Mining Data Semantics

Presenters: Jie Tang, Tsinghua University, China
Ying Ding, Indiana University, US

The tutorial aims to discuss key issues and practices of mining semantics in heterogeneous information networks. Social, information and biological systems usually consist of a large number of interacting, multi-typed components connected via various types of links, which makes heterogeneous networks ubiquitous.
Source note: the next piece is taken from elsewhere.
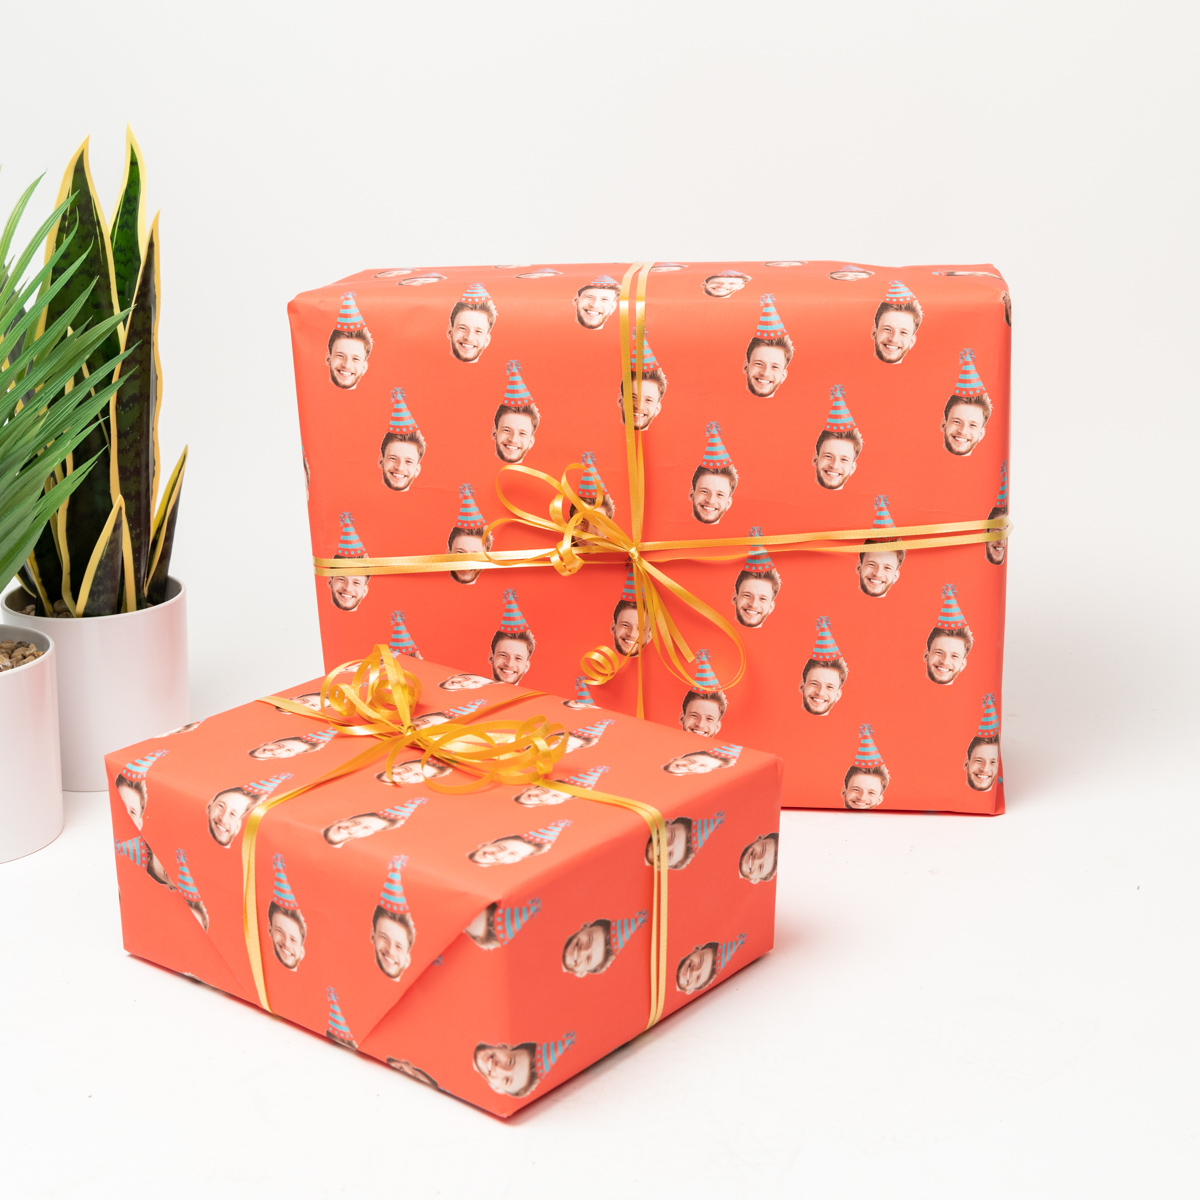 Personalised Wrapping Paper: Face with Party Hat

Mining semantics from the heterogeneous networks can address several important questions, including (1) semantics of social ties: how users are connected via different types of social relationships? (2) semantics of user behavior: how users’ personalized behaviors can be discovered from heterogeneous networks? (3) semantics of network formations: what are the fundamental structures underlying the networks and how networks are formed by different communities? On the other hand, more and more semantic data are available thanks to the initiatives of the Linked Open Data (LOD) and robust techniques for semantic annotation of Web, social, sensor, mobile and biological data. In particular, as semantic data is organized as a new form of heterogeneous networks, semantic graph mining faces a new class of challenges compared with traditional graph mining. Mining and analyzing data semantics by exploring the power of links and designing novel algorithms by considering the semantic features of the data will foster a cross-disciplinary forum to further enhance existing bounds and create new connections among these communities. The tutorial will provide a hands-on experience on how to apply data integration and data discovery in large patent datasets, scholarly publication datasets, and open biomedical datasets.